Con motivo del desfile anual en el que gays, lesbianas y transexuales reivindican el orgullo de su condición sexual, determinados sectores sociales han mostrado su incomodidad. Sentimiento que, afirman, no se deriva de la condición del colectivo que se manifiesta o de las reivindicaciones que sostiene, sino del espectáculo en sí: se trata del impudor, la ausencia de decoro que impregna el desfile; es, en suma, la estética lo que les molesta.
La estética, afirman. El espectáculo de personas en ropa interior bailando por las calles, emplumadas, no dudando en besarse en público, disfrazadas de marineros, ataviados de cuero hasta arriba. He ahí lo que les molesta, afirman. No debemos, pues, dudar de la sinceridad de sus palabras.
Seguramente comprenden la necesidad de visibilizar a un colectivo que ha sido perseguido y proscrito durante siglos; que sólo en el último tercio del siglo XX ha comenzado a tener derechos en algunos lugares del mundo. Que sólo desde principios del siglo XXI tiene derecho a contraer matrimonio y formar una familia en contadísimos lugares, España entre ellos. Que, pese a todo, sigue soportando el peso del prejuicio, la ignorancia y el fanatismo acumulados durante tanto tiempo y por instituciones tan diversas como el Estado o la Iglesia. Que todavía sigue siendo objeto de persecución en tantos países. Que todavía soporta el estigma y el peso de la condena moral por los administradores de las religiones monoteístas, que no dudan en considerarlos pecaminosos.
En estas circunstancias, pues, estos sectores conservadores seguramente comparten y respaldan la necesidad de manifestar públicamente el orgullo de mantener una conducta tan duramente perseguida. Su oposición es, claro, una mera cuestión de estética.

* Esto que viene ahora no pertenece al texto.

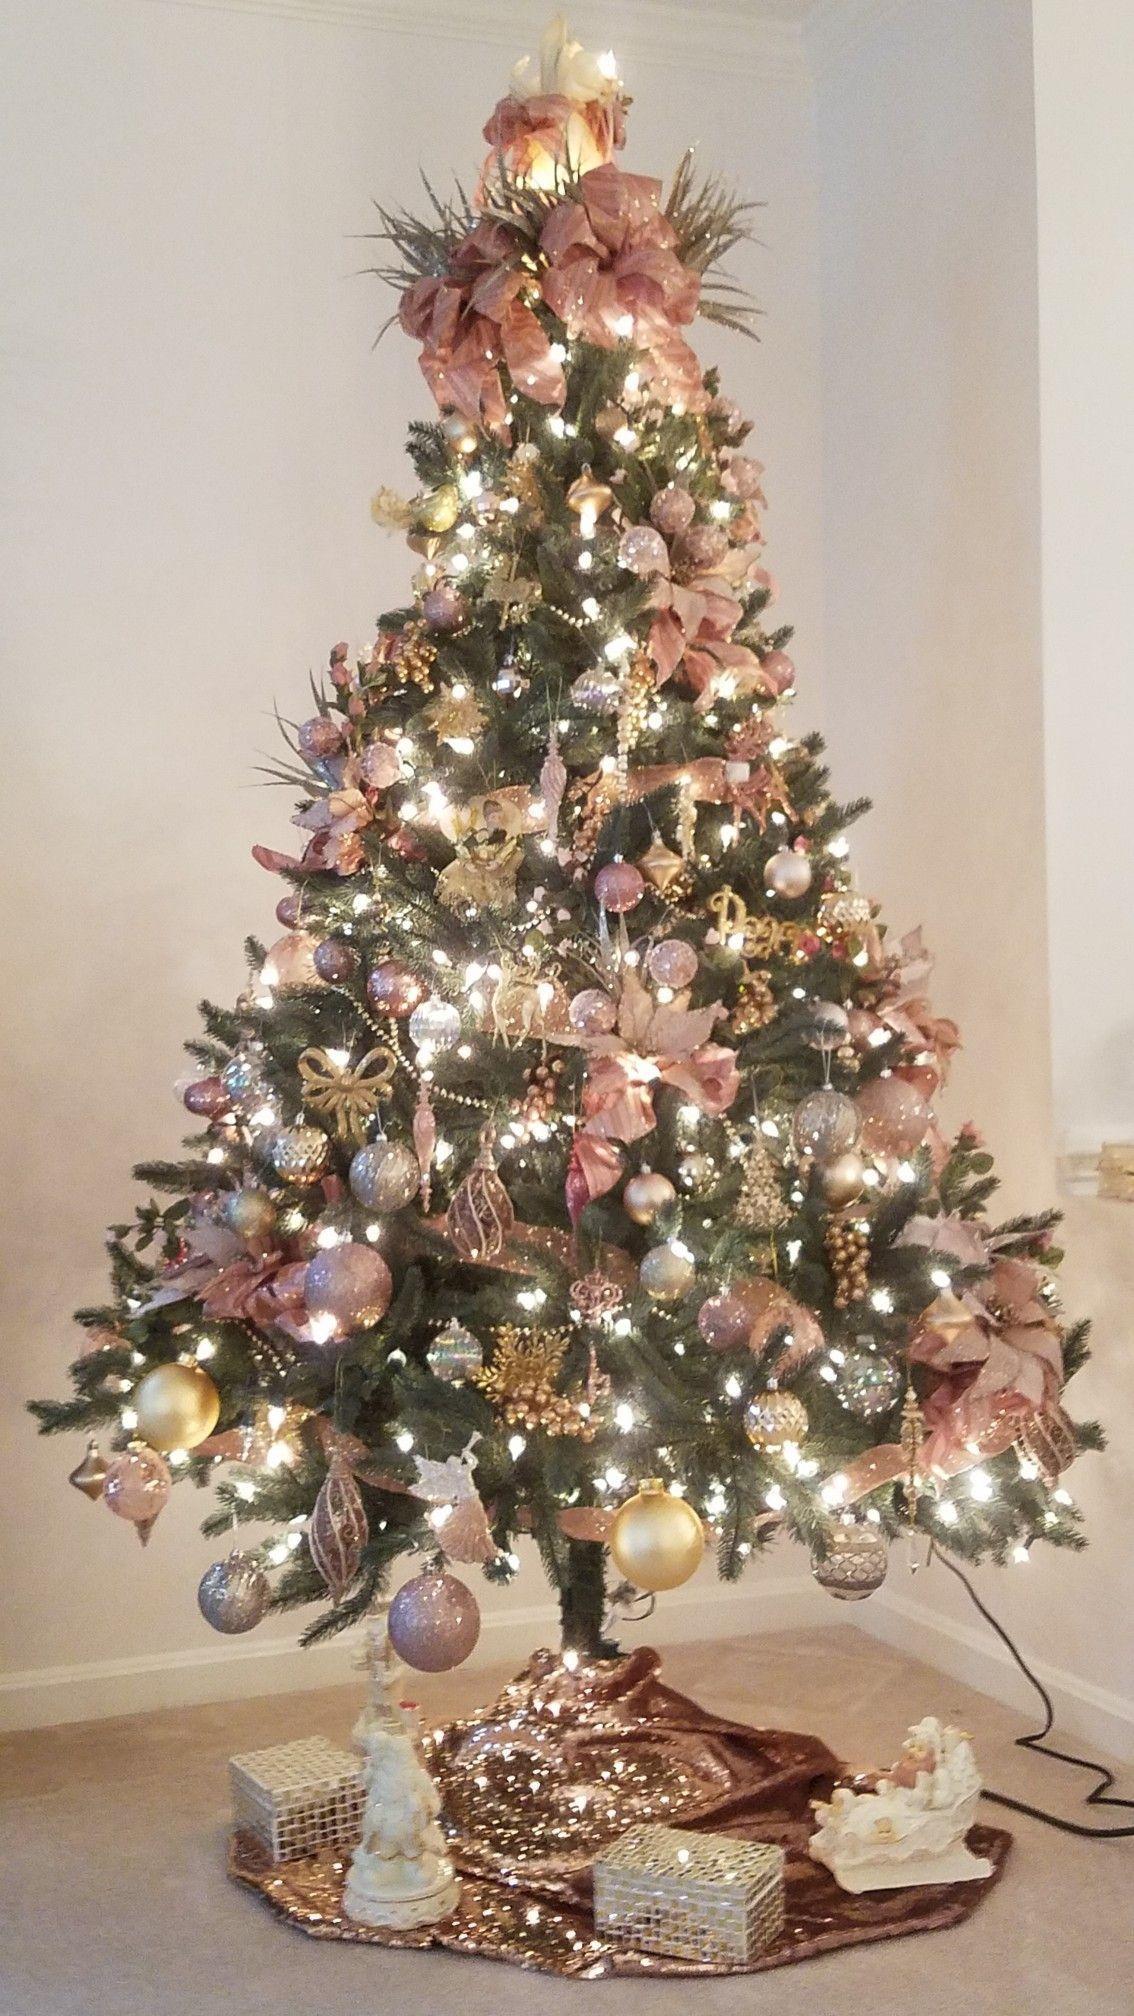 Pin Van Alejandra Velazquez Op Kerstboom Gouden Kerst Thema Kerstbomen Roze Kerst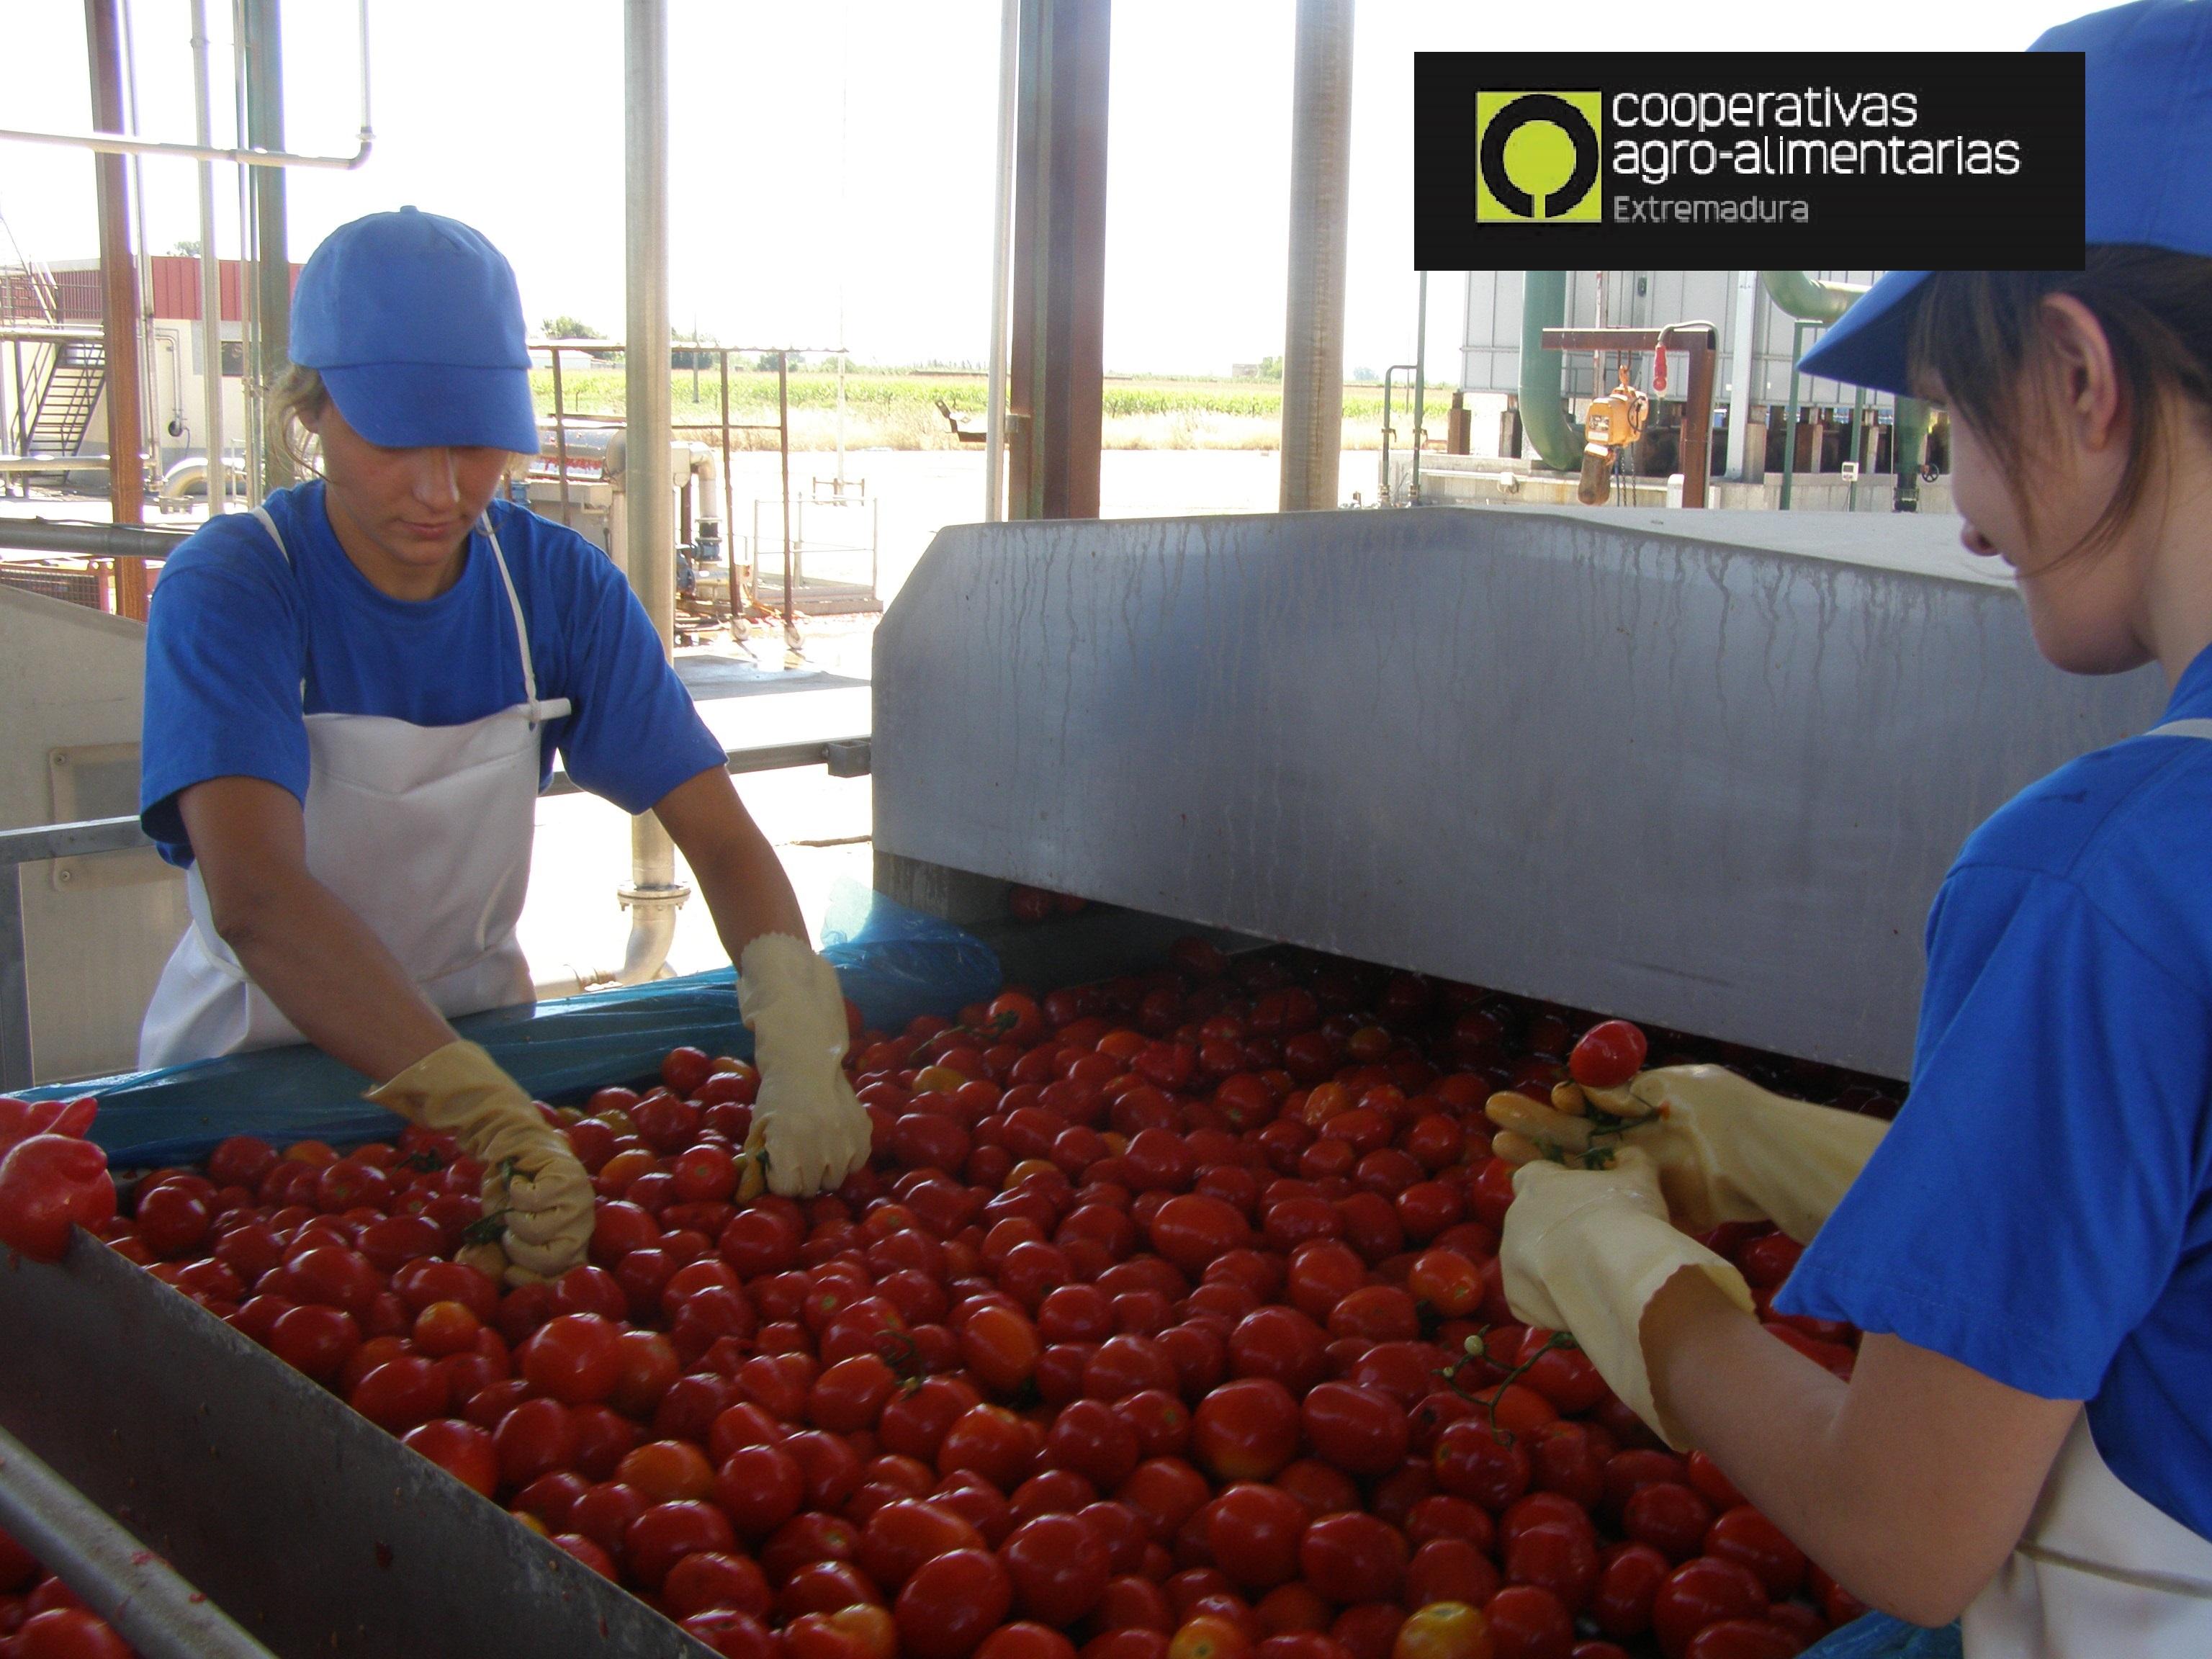 Cooperativas Agroalimentarias oportunidad para Jóvenes

¡Cuestión de estética! Vale, reconozco que a mí me parece contraproducente el histrionismo con el que se exhiben una parte de los manifestantes del día del orgullo gay. Si yo fuera homosexual, no me gustaría soportar el peso de una etiqueta así, estaría a favor de otra forma de defender mis derechos. Pensaría que de la forma actual se estaría contribuyendo a reproducir los estereotipos en los que durante tanto tiempo nos habían recluido, más que a romper con ellos. Pero nada más. El acto me parece una fiesta. Punto.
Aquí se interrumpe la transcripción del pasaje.